Starring in the Mercury production are Gene Weygandt (“Wicked,” “A Christmas Story, The Musical”) as Barnum, Cory Goodrich (“Ragtime”) as Charity, and Summer Naomi Smart (“Legally Blonde”) as Lind. Here are their observations about the characters they portray:
“I can’t tell you a thing about the real Barnum. I’m not playing Lincoln, and I didn’t think research was of any value in this role. If it wasn’t in the script I wasn’t interested. I just see Barnum as a wonderful guy with a terrific point of view on life. He is a man fully aware of the ugliness in the world, but he’s much more interested in the things he feels he has a God-given duty to bring to it — color, joy, happiness. He sees himself as a man of vision. And while I can’t tell you if he was corrupt, I do believe he never harmed anyone even if, on occasion, he admit to exaggerating the truth in order for people to leave his shows feeling happier and richer for the experience.
“Circus skills are a whole new world to me, and I think circus people are closer to dancers in the way they work than to theater people. I’ve tried the unicycle and stilts and some shoulder stands. And I can almost say I’ve become a proficient juggler. Ball balancing and the Spanish web [spinning around on a rope suspended from the rafters] are still challenges.

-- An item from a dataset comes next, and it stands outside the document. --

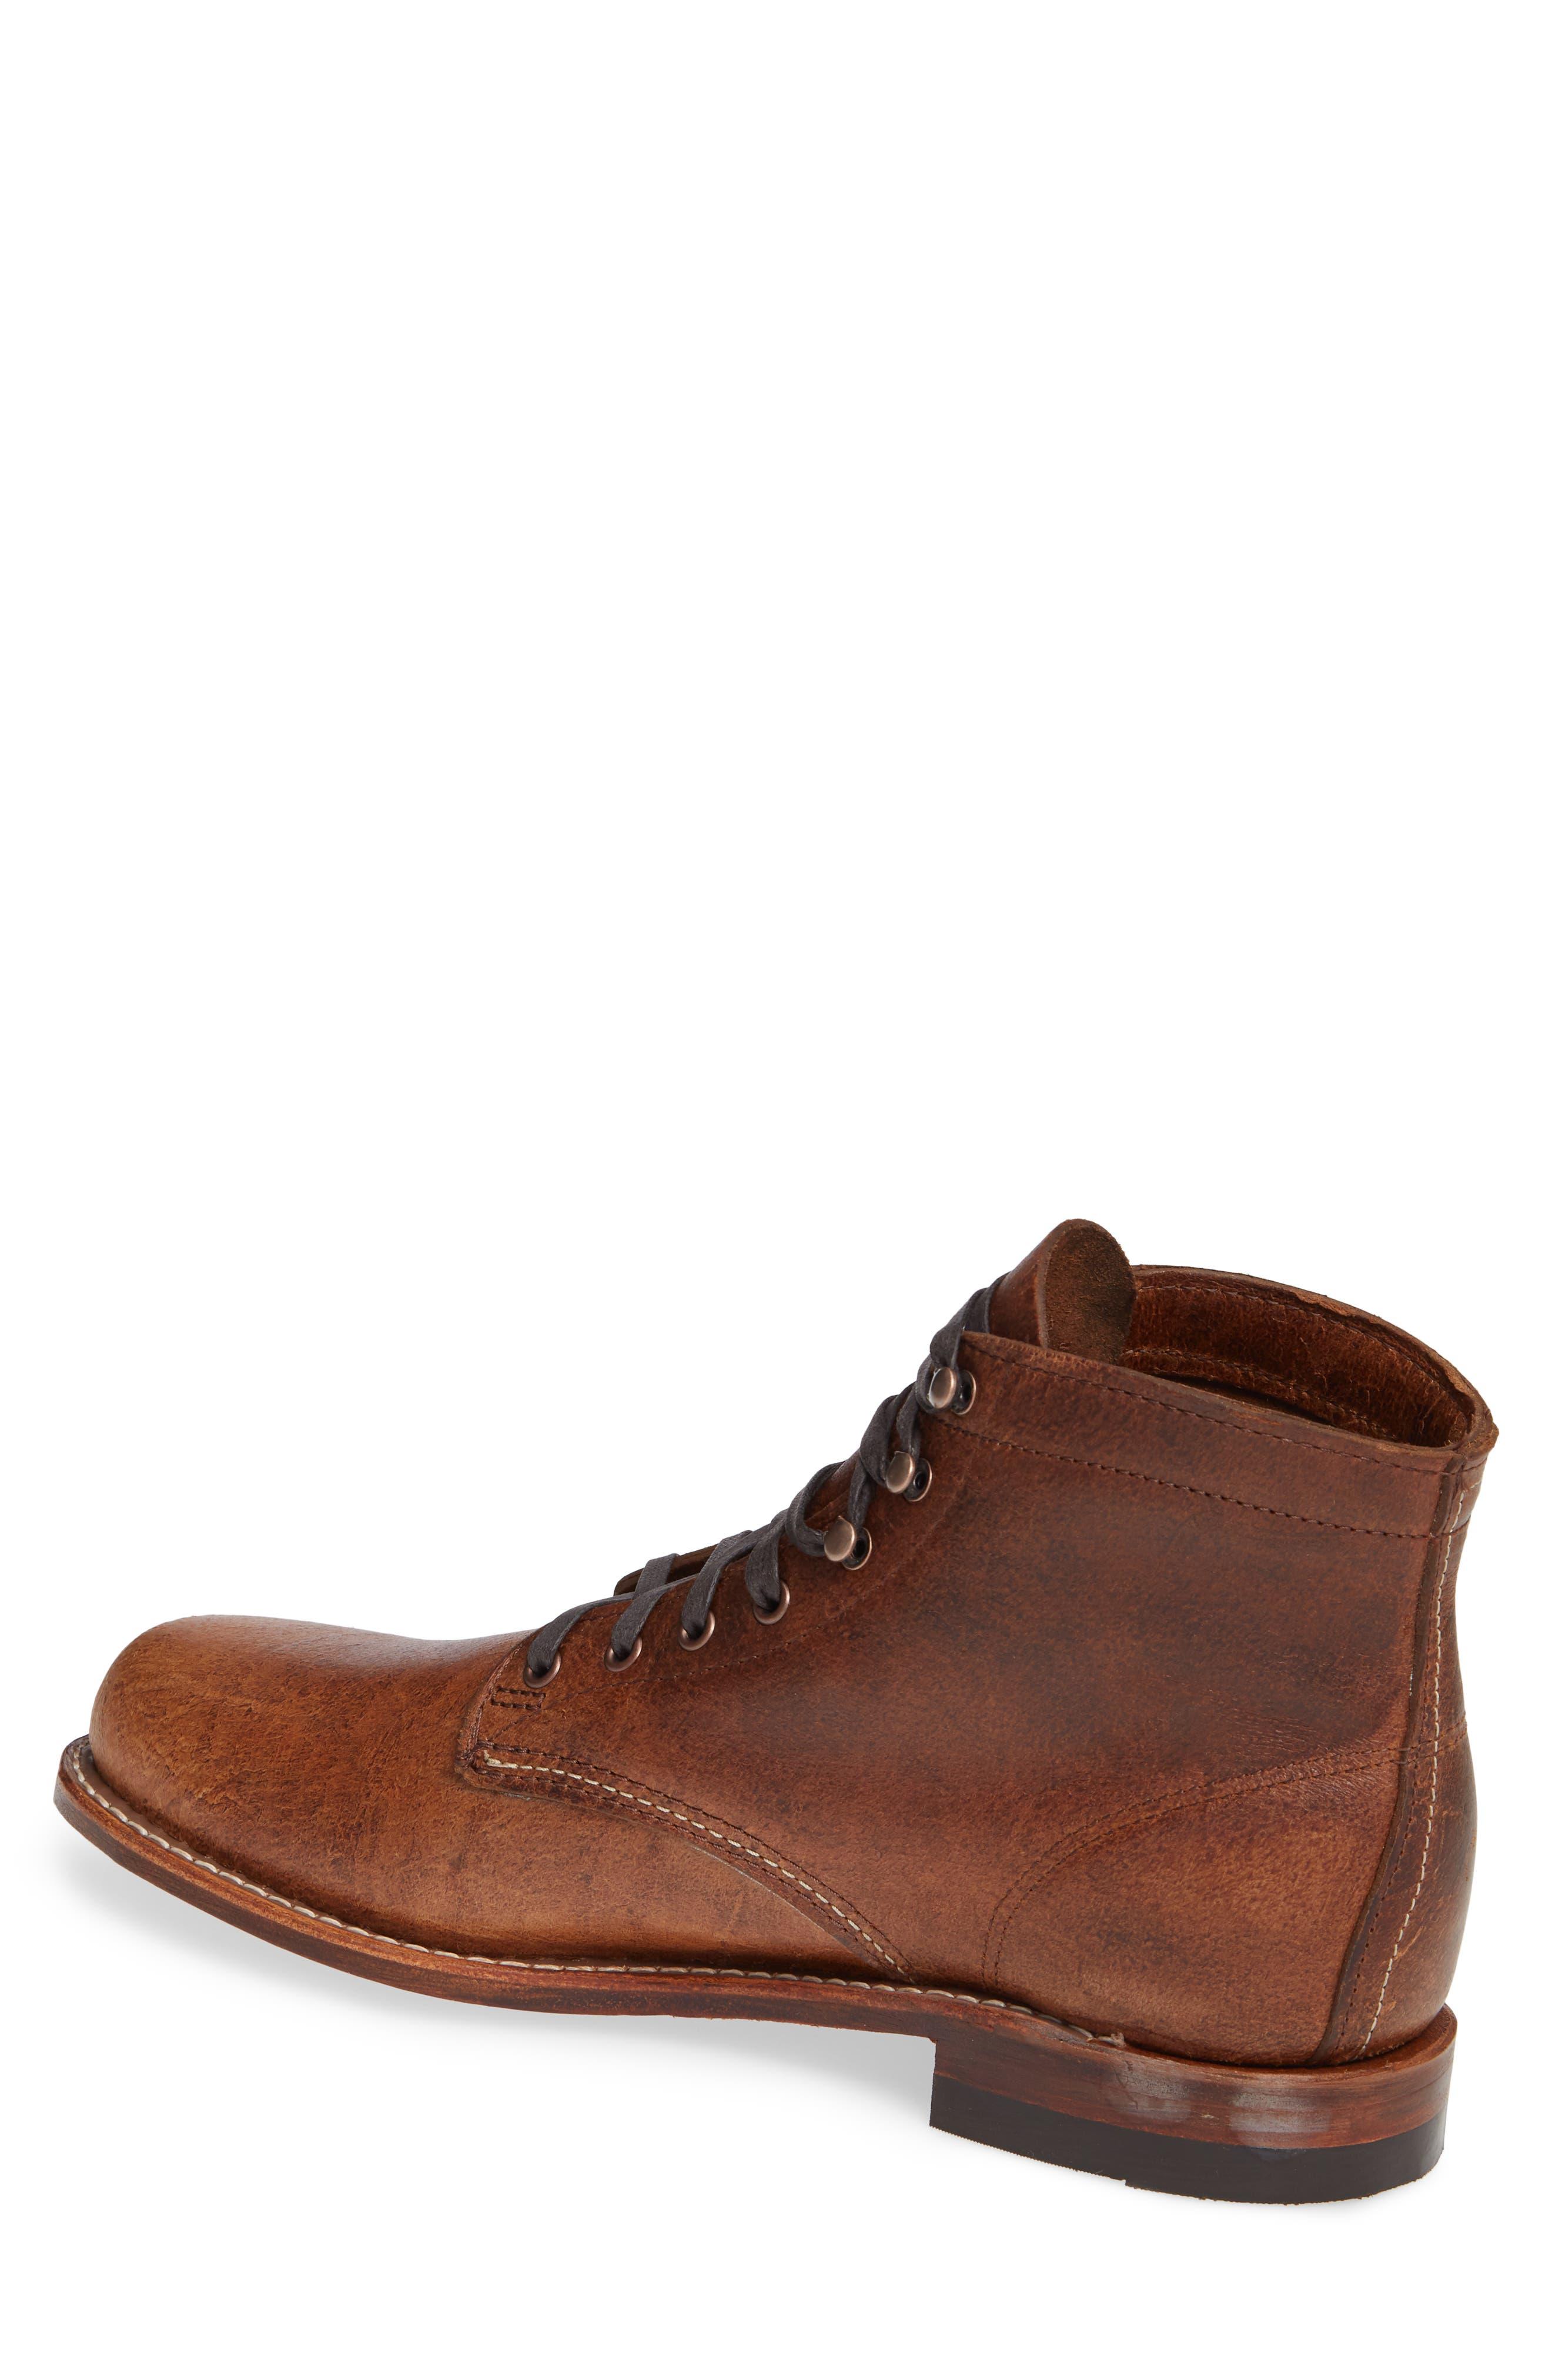 '1000 Mile' Plain Toe Boot,                             Alternate thumbnail 2, color,                             COGNAC

“As for Barnum’s relationship with Jenny Lind, I think it was strictly professional. I also think Barnum had a unique relationship with his wife, who was very involved in the women’s suffrage movement. They gave one another space.”
“This show has a real circus sound and such witty lyrics. But I’m the only person in the cast who didn’t go to circus school, and I’m kind of jealous, especially because years ago, before I married my husband, he went to clown school in Sarasota, Fla.
“As for research, Barnum wrote a couple of autobiographies, which are hard to get through. But he was a very interesting man — a showman and promoter, but also a teetotaler and an abolitionist. He bounced from one thing to the next, and eventually found success. And I think to be his wife you had to be strong. Charity was the grounded one, and an inspiration to him, though I’m sure they had a head-butting relationship. And while I don’t think he had an affair with Jenny Lind, men will be men, and it sure makes for good drama in this show.”
Summer Naomi Smart
“I’ve done quite a bit of research, and the story told in the show doesn’t match up entirely. I think my character is a little more sassy than the real-life Jenny Lind, who was called ‘The Gentle Swede.’ She’s a little less gentle here. What’s fascinating about her, however, is that she was one of the first real celebrities in America, and she handled it all with grace. In Europe she had been a protege of Felix Mendelssohn, and had known Berlioz and Robert Schumann. And Hans Christian Andersen fell in love with her.
“In America, Jenny gave 93 concerts for Barnum and earned a great deal of money, which she donated to charity — especially orphanages, schools and firehouses. Later she married, had kids and settled down.
“Circus skills? Well, I did learn how to stand on a trapeze. And I’ve spun on the lyra — that hoop suspended from rigging.”